西郷隆盛の敵役・島津久光の立場から辿る幕末、明治維新・・・【情熱的読書人間のないしょ話(1020)】
散策中に、10m先のキジをカメラに収めることができました。3mの距離までツグミに近づくことができました。周りの緑に溶け込んでいる2.5m先のメジロを危うく見逃すところでした。因みに、本日の歩数は10,407でした。
閑話休題、『島津久光の明治維新――西郷隆盛の<敵>であり続けた男の真実』(安藤優一郎著、イースト・プレス)は、西郷隆盛の敵役である島津久光の立場から幕末、明治維新を辿っています。
私には意外と思われることが、3つ記されています。
第1は、藩主の座を争った異母兄弟の島津斉彬と久光の仲が悪くはなかったということ。「斉彬と久光は藩主の座をめぐって争う形となったが、二人の関係は良好だった。斉彬は久光の学識を高く評価し、自分などは遠く及ばないと絶賛したほどである。政治向きのことも相談し、非常に頼りにしている。久光にしても、斉彬の遺志を実現することを志すようになる」。
第2は、久光が腹心の部下・大久保利通に怒りを爆発させたことがあるということ。「(1870<明治3>年1月)24日の会見では、久光は西郷が進める藩政改革への不満を爆発させ、かつての腹心だった大久保を激しい言葉で詰る。この日、帰宅した大久保は酩酊したという。26日、久光の説得を断念した大久保は東京への帰途に就く。参議として解決しなければならない政策課題が山積みで、いつまでも鹿児島に滞在するわけにはいかなかった。久光は西郷への不満を募らせており、大久保はその逆鱗に触れてしまった格好だ」。

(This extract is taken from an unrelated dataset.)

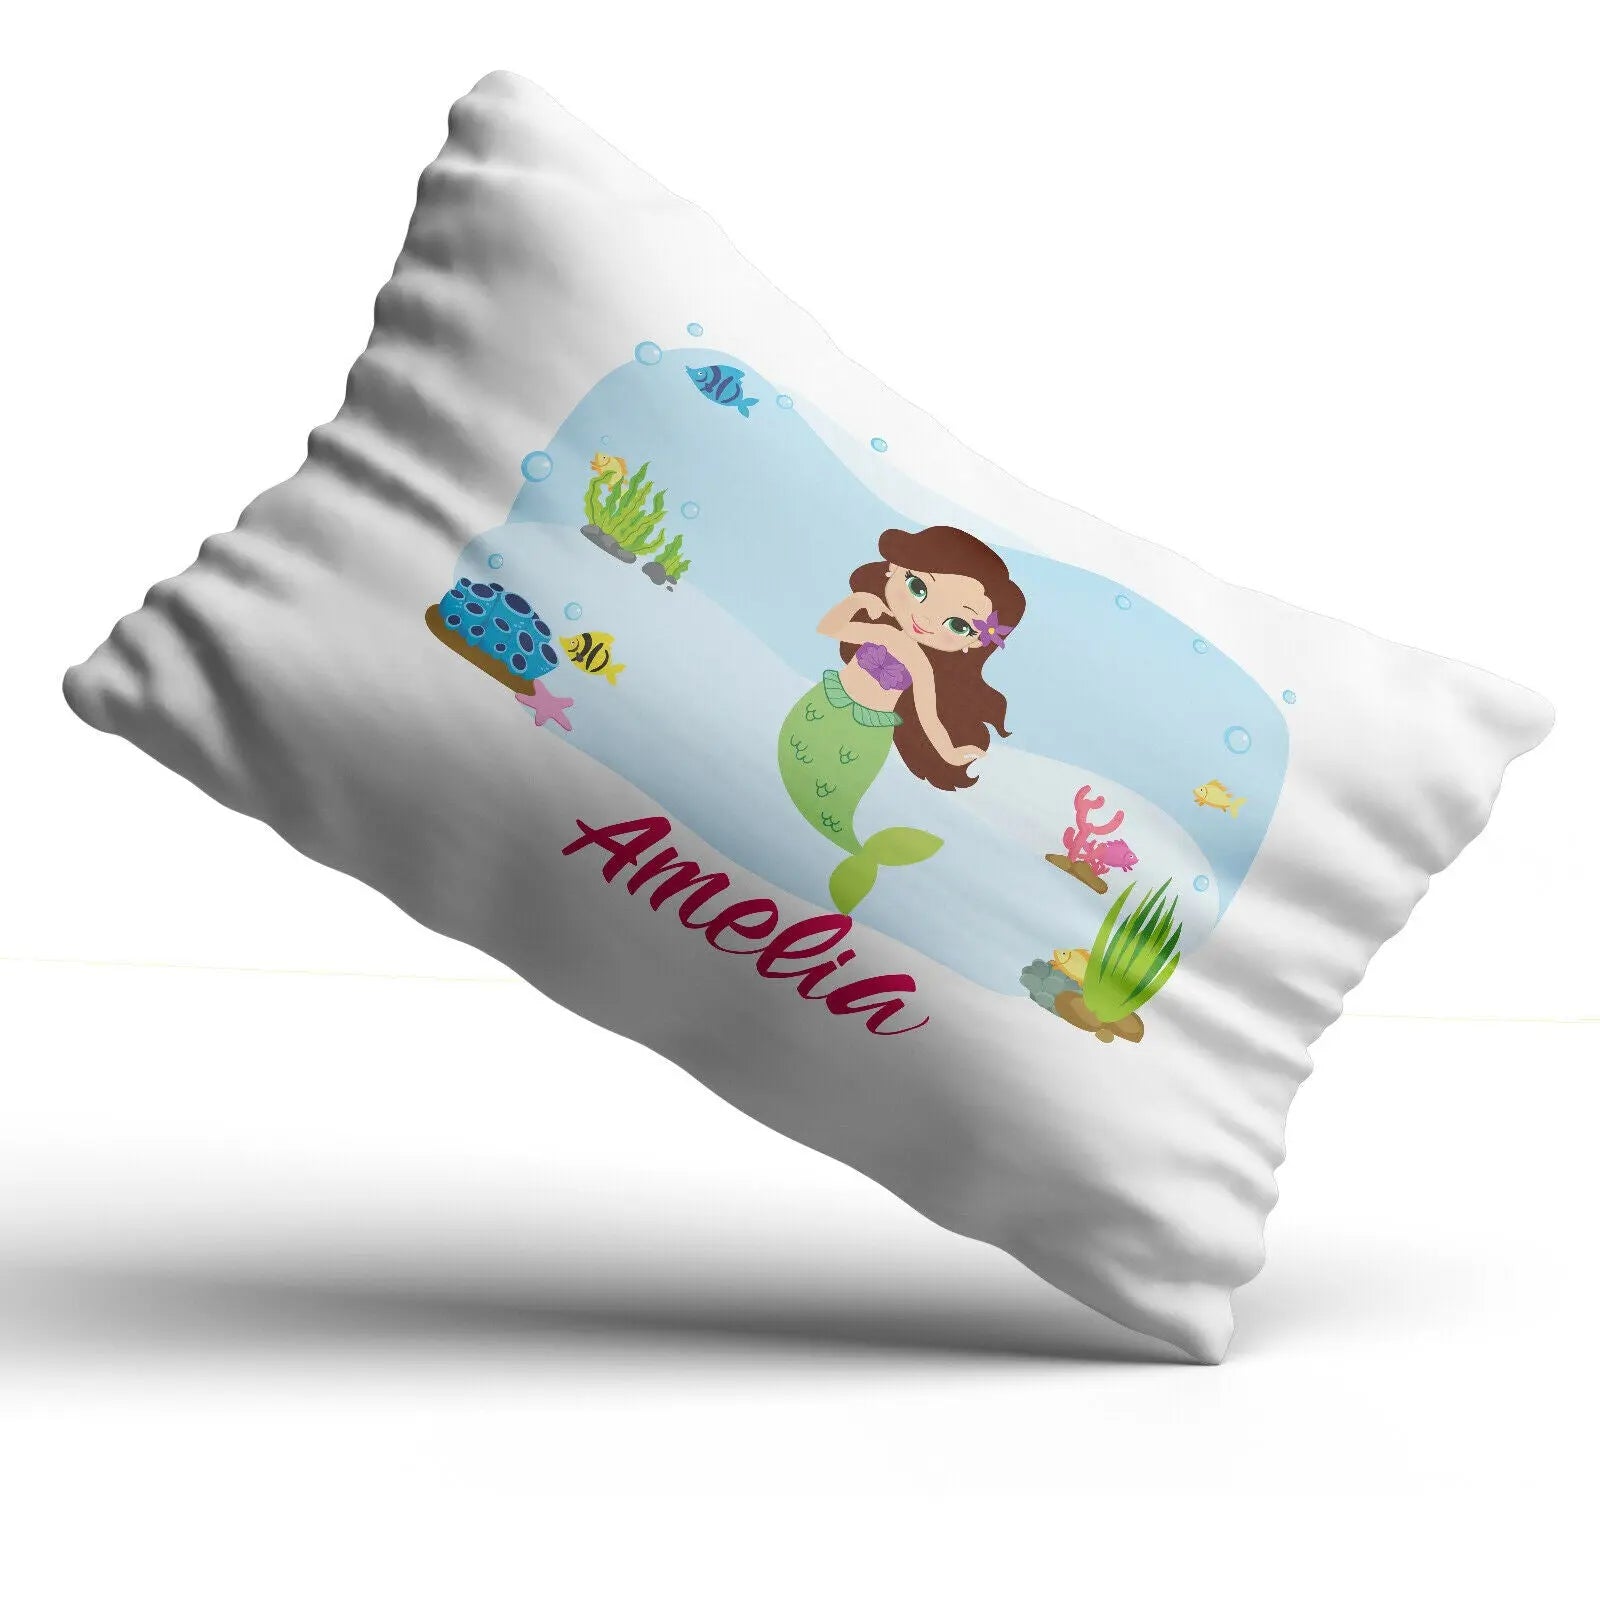 Personalised Mermaid Pillow Case Printed Gift Children Custom Print - Brown Hair
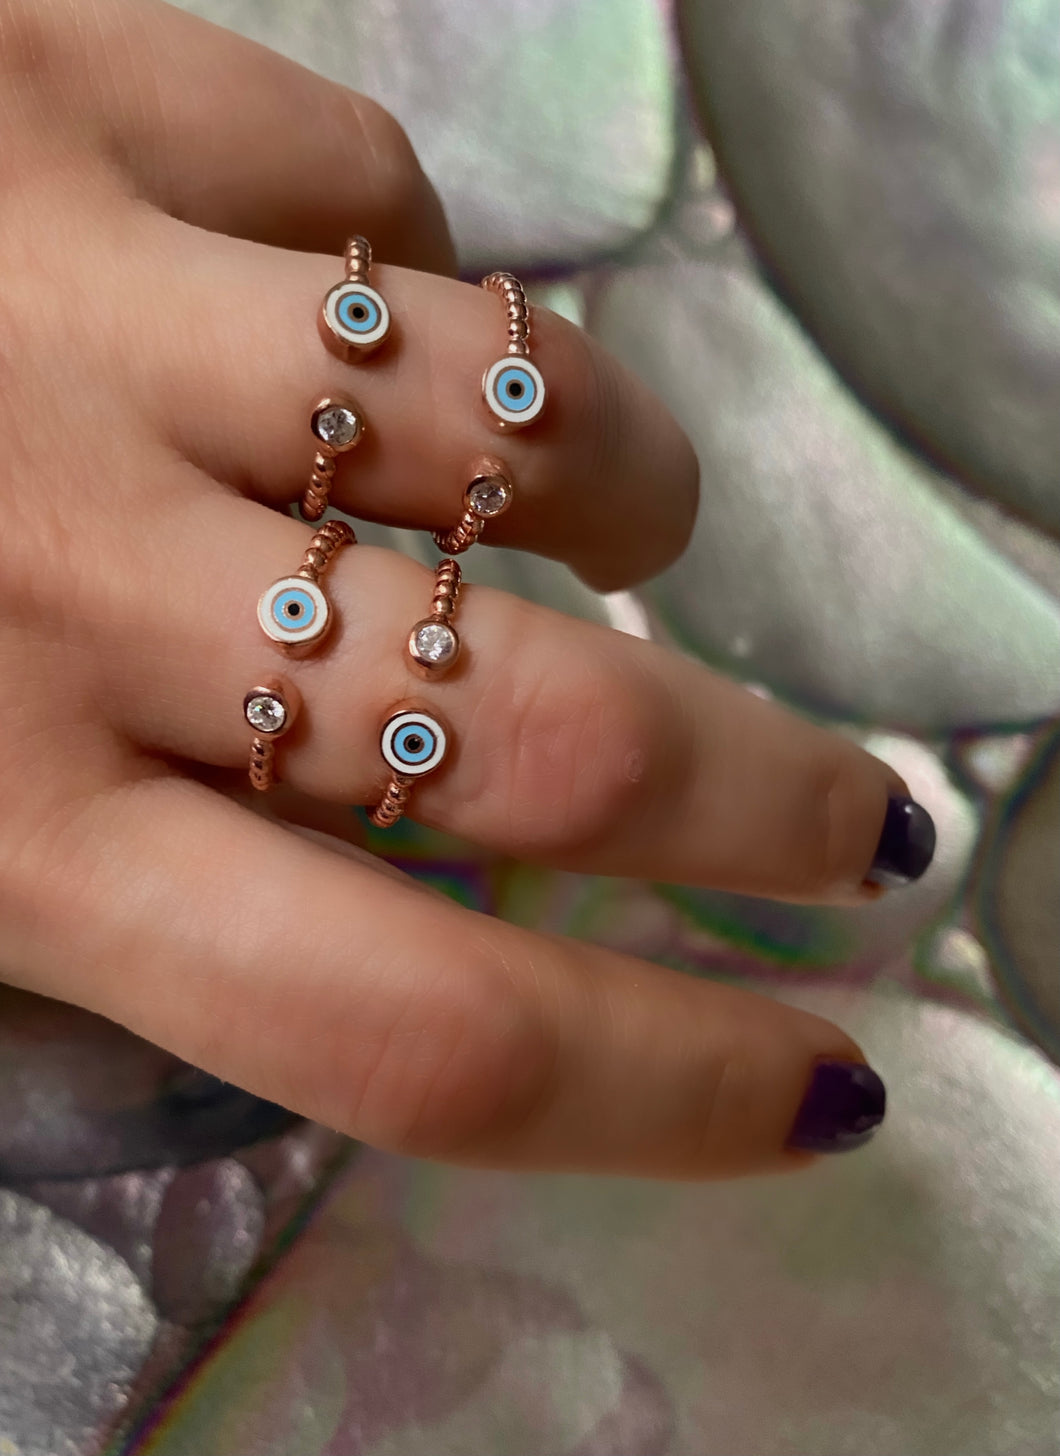 Ring with enamel Evil eye charm - Adjustable

第3は、薩摩藩内は討幕で意見が一致していたわけではなく、西郷らの討幕勢力は少数派であったということ。「薩摩藩というと、西郷をリーダーに藩士が一丸となって討幕運動を展開したと思われがちだが、実際は全く違う。討幕には否定的な意見が藩内の大勢を占めていた」。この否定勢力の中心には久光がいたのです。